Example 2: Biochemical Oscillator.

Sustained oscillations play a key role in biological processes such as circadian rhythms and cell-cycle dynamics. In many cases, these oscillations are driven by underlying biochemical reactions. Noise is an inherent component of cellular processes that causes cell-to-cell variation,^{1, 2, 3, 4, 5} and is a potentially destabilizing influence that must be overcome to achieve sustained, reproducible oscillations. Vilar et al. examined this phenomenon using a model system,¹⁰ and we reconsider the same reaction system

$$\begin{array}{ccc}\hfill \mathrm{A}+{\mathrm{D}}_{\mathrm{A}}& {\displaystyle \underset{{\theta }_A}{\overset{{\gamma }_A}{\rightleftharpoons }}}& {\mathrm{D}}_{\mathrm{A}}^{\prime },\hfill \\ \hfill {\mathrm{D}}_{\mathrm{A}}& {\displaystyle \stackrel{{\alpha }_A}{\to }}& {\mathrm{D}}_{\mathrm{A}}+{\mathrm{M}}_{\mathrm{A}},\hfill \\ \hfill {\mathrm{D}}_{\mathrm{A}}^{\prime }& {\displaystyle \stackrel{{\alpha }_A^{\prime }}{\to }}& {\mathrm{D}}_{\mathrm{A}}^{\prime }+{\mathrm{M}}_{\mathrm{A}},\hfill \\ \hfill {\mathrm{M}}_{\mathrm{A}}& {\displaystyle \stackrel{{\delta }_{MA}}{\to }}& \text{degraded,}\hfill \\ \hfill {\mathrm{M}}_{\mathrm{A}}& {\displaystyle \stackrel{{\beta }_A}{\to }}& {\mathrm{M}}_{\mathrm{A}}+\mathrm{A},\hfill \\ \hfill \mathrm{A}& {\displaystyle \stackrel{{\delta }_A}{\to }}& \text{degraded,}\hfill \\ \hfill \mathrm{A}+{\mathrm{D}}_{\mathrm{R}}& {\displaystyle \underset{{\theta }_R}{\overset{{\gamma }_R}{\rightleftharpoons }}}& {\mathrm{D}}_{\mathrm{R}}^{\prime },\hfill \\ \hfill {\mathrm{D}}_{\mathrm{R}}& {\displaystyle \stackrel{{\alpha }_R}{\to }}& {\mathrm{D}}_{\mathrm{R}}+{\mathrm{M}}_{\mathrm{R}},\hfill \\ \hfill {\mathrm{D}}_{\mathrm{R}}^{\prime }& {\displaystyle \stackrel{{\alpha }_R^{\prime }}{\to }}& {\mathrm{D}}_{\mathrm{R}}^{\prime }+{\mathrm{M}}_{\mathrm{R}},\hfill \\ \hfill {\mathrm{M}}_{\mathrm{R}}& {\displaystyle \stackrel{{\delta }_{MR}}{\to }}& \text{degraded,}\hfill \\ \hfill {\mathrm{M}}_{\mathrm{R}}& {\displaystyle \stackrel{{\beta }_R}{\to }}& {\mathrm{M}}_{\mathrm{R}}+\mathrm{R},\hfill \\ \hfill \mathrm{R}& {\displaystyle \stackrel{{\delta }_R}{\to }}& \text{degraded,}\hfill \\ \hfill \mathrm{A}+\mathrm{R}& {\displaystyle \stackrel{{\gamma }_C}{\to }}& \mathrm{C},\hfill \\ \hfill \mathrm{C}& {\displaystyle \stackrel{{\delta }_A}{\to }}& \mathrm{R}.\hfill \end{array}$$ (14)

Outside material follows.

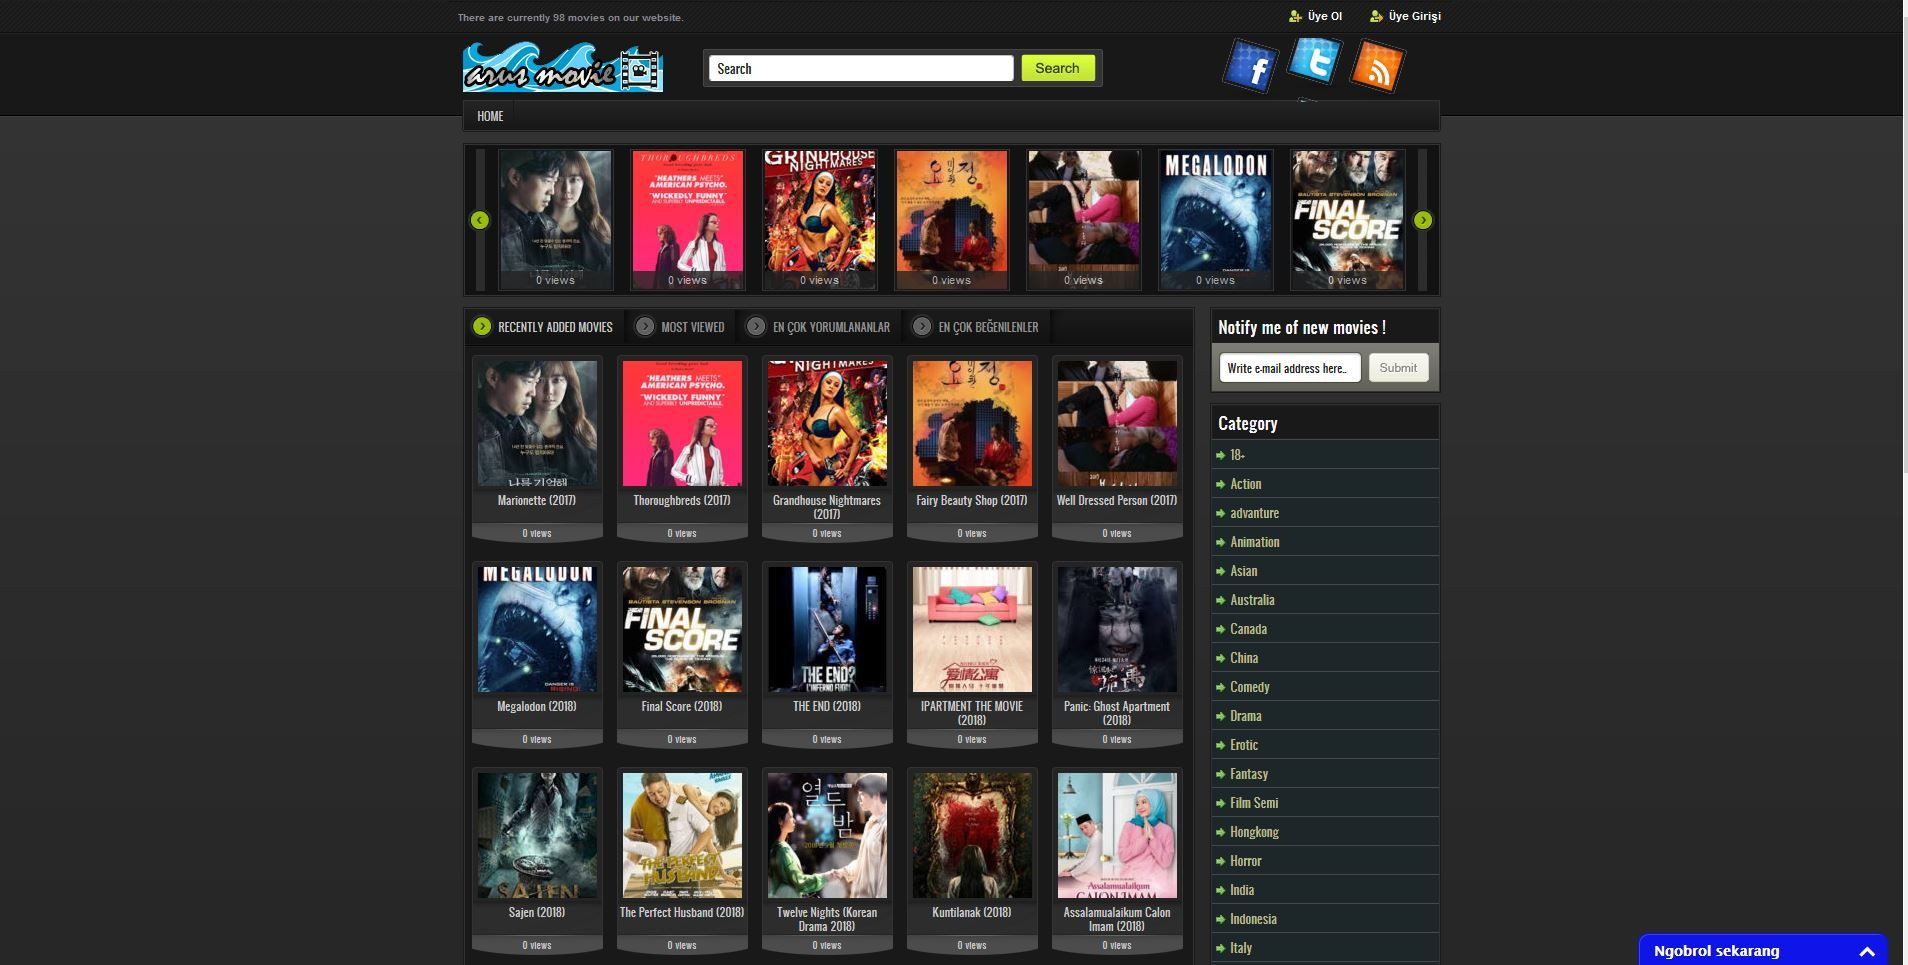 Nonton Bioskop Online Sub Indo Nonton Film Stream Box Office

For the parameters given in Table 2, the mRNA species M_A is a QSS species. A full SSA simulation of the model demonstrates that this species predominantly samples [0, 1] over the course of a typical simulation. To understand how one can reduce the model to eliminate this species, consider the simpler reaction system

$$\begin{array}{ccc}\hfill {\mathrm{D}}_{\mathrm{A}}& {\displaystyle \stackrel{{\alpha }_A}{\to }}& {\mathrm{D}}_{\mathrm{A}}+{\mathrm{M}}_{\mathrm{A}},\hfill \\ \hfill {\mathrm{D}}_{\mathrm{A}}^{\prime }& {\displaystyle \stackrel{{\alpha }_A^{\prime }}{\to }}& {\mathrm{D}}_{\mathrm{A}}^{\prime }+{\mathrm{M}}_{\mathrm{A}},\hfill \\ \hfill {\mathrm{M}}_{\mathrm{A}}& {\displaystyle \stackrel{{\delta }_{MA}}{\to }}& \text{degraded,}\hfill \\ \hfill {\mathrm{M}}_{\mathrm{A}}& {\displaystyle \stackrel{{\beta }_A}{\to }}& {\mathrm{M}}_{\mathrm{A}}+\mathrm{A}.\hfill \end{array}$$ (15)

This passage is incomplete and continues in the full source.